To answer this pressing question, we can again rely on GeographicLib, whose
`CartConvert`

program takes latitude, longitude (and even altitude!) and
produces Geocentric
coordinates, i.e.,
coordinates in a three-dimensional Cartesian coordinate system. The straight line distance is
then computed with the usual
Euclidean distance
formula:

de2((x1,y1,z1),(x2,y2,z2))=√(x1−x2)2+(y1+y2)2+(z1−z2)2

Computing this only for the restricted pair subset of the previous sections, we
obtain this. Amusingly, the most distant
pair by this criterion is NVA-PLM, the same one as with our initial method
(which also used Euclidean
distance but in
two-dimensional space). As far as I can tell, this is entirely coincidental. Note that
the distance of 12758 km is slightly *more* than the average diameter of
Earth (though it is less than the *maximal* diameter, of course): this is explained by the fact that these airports are close to the
equator.

## Confidence in the result

I now conclude by giving more information about whether my results can be trusted to be accurate.

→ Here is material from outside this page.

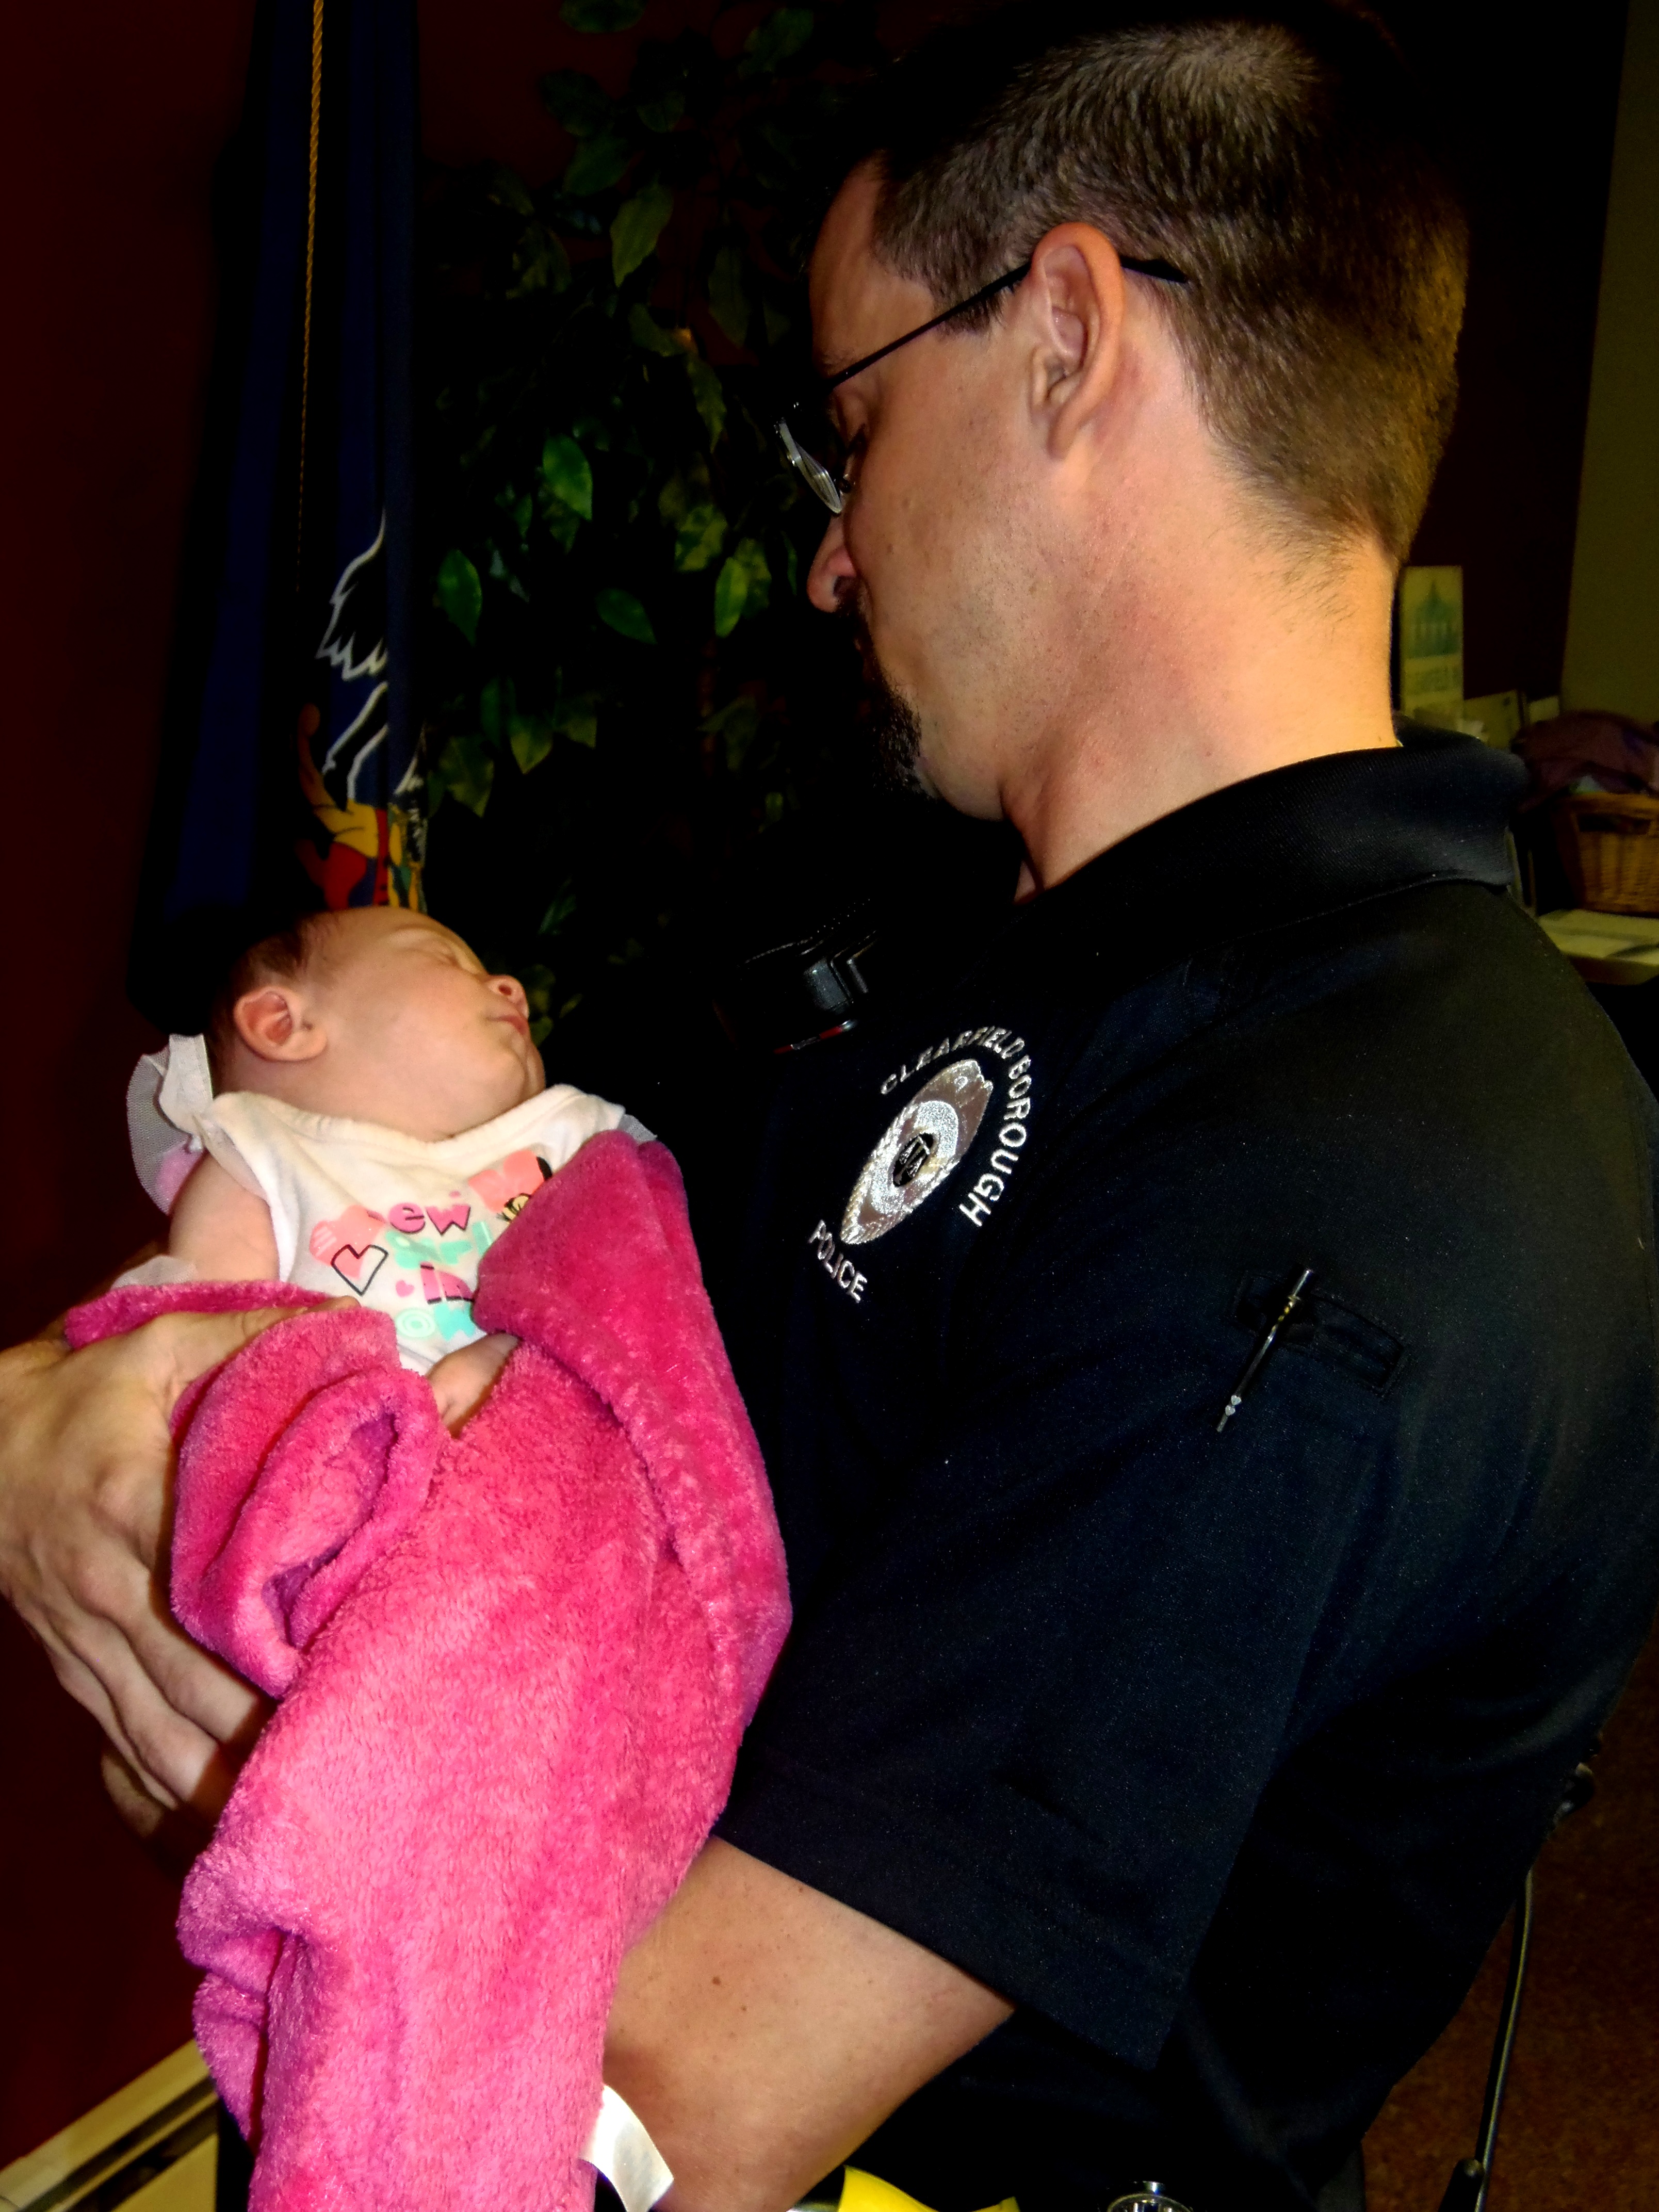 Officer Nathan Curry of Clearfield Borough police is shown holding baby Kiara. (Photo by Jessica Shirey)

The GPS coordinates for LMC and PGK in OpenFlights are essentially the same as those given in Wikipedia and are both, according to OpenStreetMap, at some position on each of these airport's main runway (LMC, PGK), which is further confirmed by the satellite imagery of Google Maps (LMC, PGK).

The fact that the distance between these two points is indeed 20001571.135 meters was computed directly by GeographicLib. However, here I must point out that this result seems to disagree with many websites that offer such calculations. This is probably caused by the fact that nearly antipodal points are corner cases for geodesic computations on ellipsoids.

- The coordinate distance calculator reports an absurd distance of 8.33 kilometers; the distance reported for antipodal points is 0 kilometers.
- The GPS visualizer computes the distance as NaN.
- The WGS-84 Geoid Distance Calculator also returns NaN.
- The FAI calculator indicates that "Algorithm did not converge".
- The Landings.com tool estimates the distance as 19867.6 km, and gives no indication of which coordinates it is using.
- travelmath.com gives a distance of 0 km.
- The Great Circle Mapper estimates the distance to be 20029 km, which seems inaccurate because it is more than 20004 km, the length of a half-meridian in the WGS-84 system. Another example illustrates that this tool does not seem to be using the shortest geodesic when computing distances. I have since heard from the maintainer, this is indeed a bug.
- The World-airport-codes tool gives a result of 20005.74 km, which again is slightly too large, but by a smaller margin.
- Google Maps computes the distance as 20007 km, which seems too high again.

It is conceivable that the sources that overestimate the distance (except Great
Circle Mapper, where the difference is too high, and otherwise explained)
are using a geoid model, to account for
variations in radius *beyond* what the WGS-84 ellipsoid accounts for. This is
beyond the scope of what I did.

That this pair is indeed the most distant depends on whether positions for other airports in OpenFlights are accurate, and whether this source is exhaustive, i.e., contains all airports. I did not really try to check any of these two points.